In the years that followed, I experienced bouts of depression, disillusionment, and numbness as I tried to move forward as an openly gay person who was no longer a Christian. But something was missing. I would regularly get drunk just so I could listen to the Christian music of my childhood church. It was the only way I could find to touch this deeply buried wound and desire for God.
In my late 20s, I met a friend and mentor who introduced me to a contemplative service at a local Episcopal church. It was at this service where I saw my first female minister and heard my first rector say, “Every person is welcomed, gay or straight.” I still avoided taking communion for years even at the gay-supportive Metropolitan Community Church because, deep down, I believed that gay people weren’t truly Christian. But it was here at this Episcopal church that I was compelled to walk down the aisle and participate in the most transformative Meal of my life—Eucharist. It was here that I first realized I, too, may have a place at The Table.
The experience of welcome at the Episcopal church reawakened my call to ministry, which eventually led me to attend seminary in Berkeley, CA. There, I continued to grapple with extreme internalized homophobia and loss of faith, but I also began to slowly gain a new church family. I found the support I needed to seek out healing, but this time the healing included integrating my call to God with my Divinely-created sexual and gender identity.
My family began their own healing process, and my parents shifted their views of what it meant to love others as Christ loves. The changes in my own family have helped me to restore my own faith in God. I can now say that I have witnessed a miracle. My family is becoming more and more a part of my support network, showing me the importance of reconciliation, compassion, accountability, justice, and grace for our larger Family — the family that will never abandon me.
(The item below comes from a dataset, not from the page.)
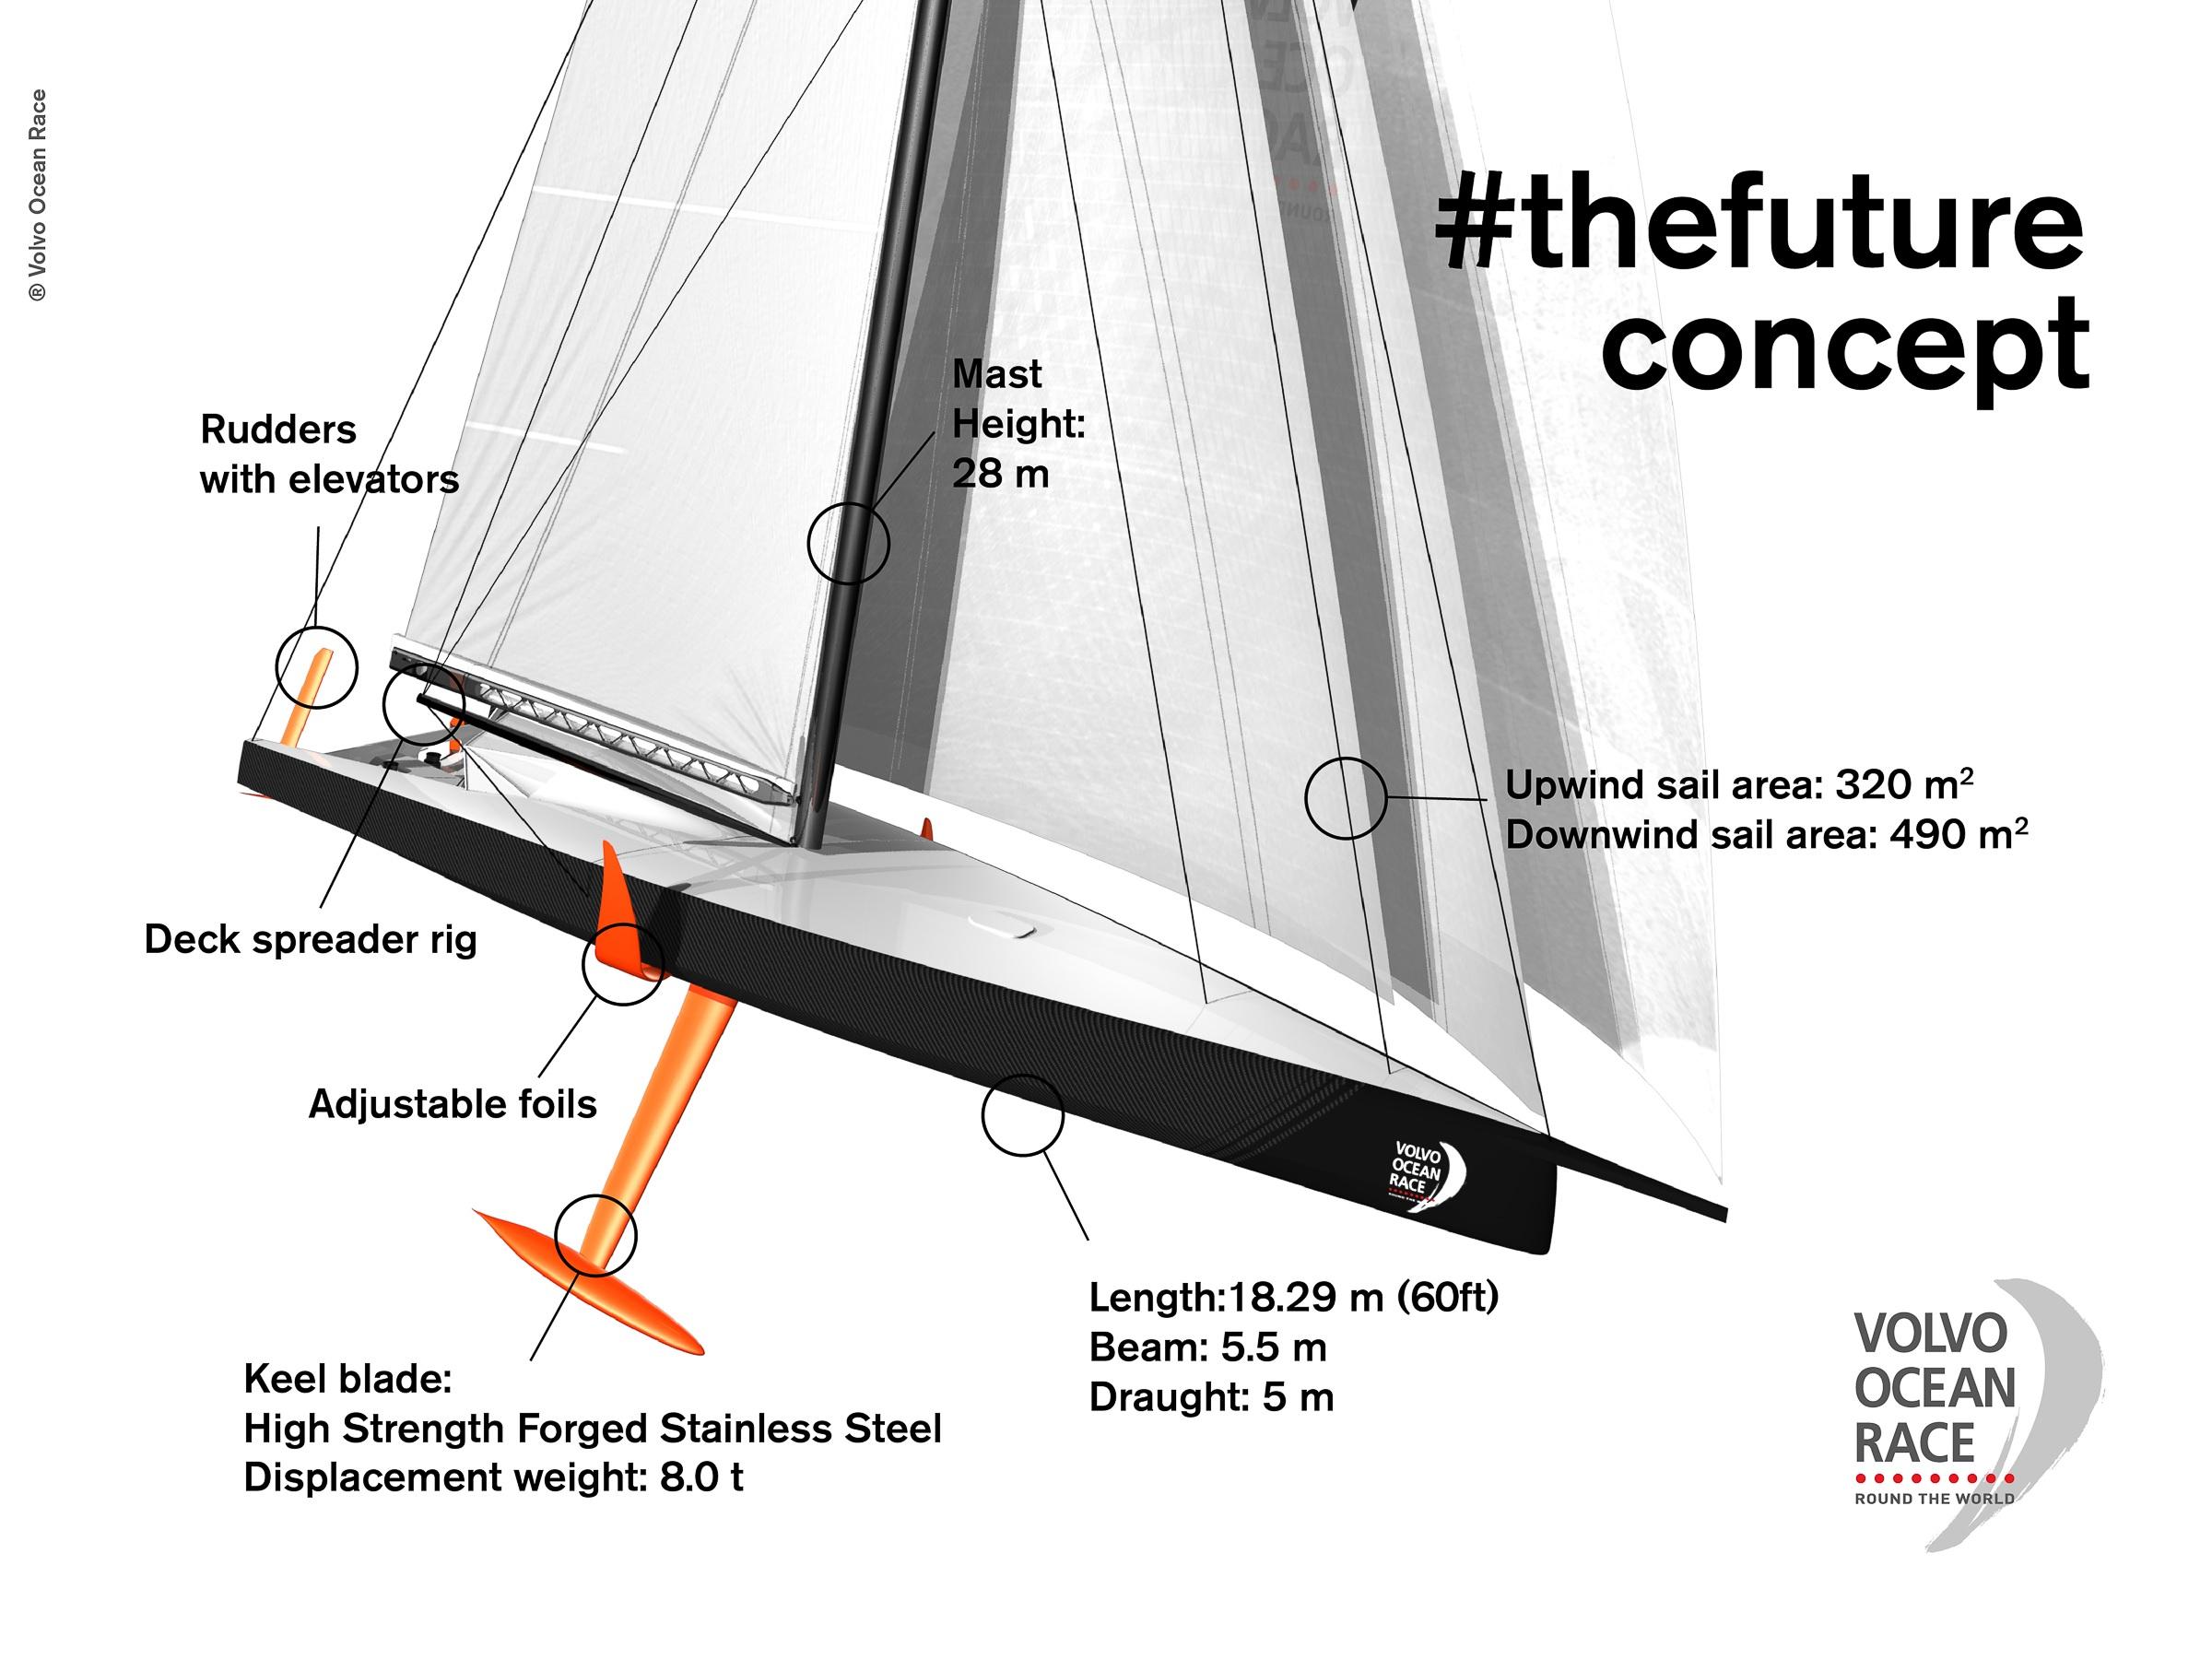 Volvo Ocean Race Inshore Yachting

While I continue to struggle to believe that I am an equal child of God, every year I hear the crack of another broken shackle. My family recently attended my seminary graduation where I had the opportunity to publicly thank them for fighting to love and support me. They received two standing ovations from my new faith community. Their attendance was an act of love that gave me the strength I needed to accept a chaplaincy position at a San Francisco Hospital where I hope to continue living into the role of wounded healer. I now believe that it is when I allow my own wounds to be touched and healed, that I am better able to serve as a part of this new face of God, so that others may experience the unconditional love that I so desperately craved as a gay teenager.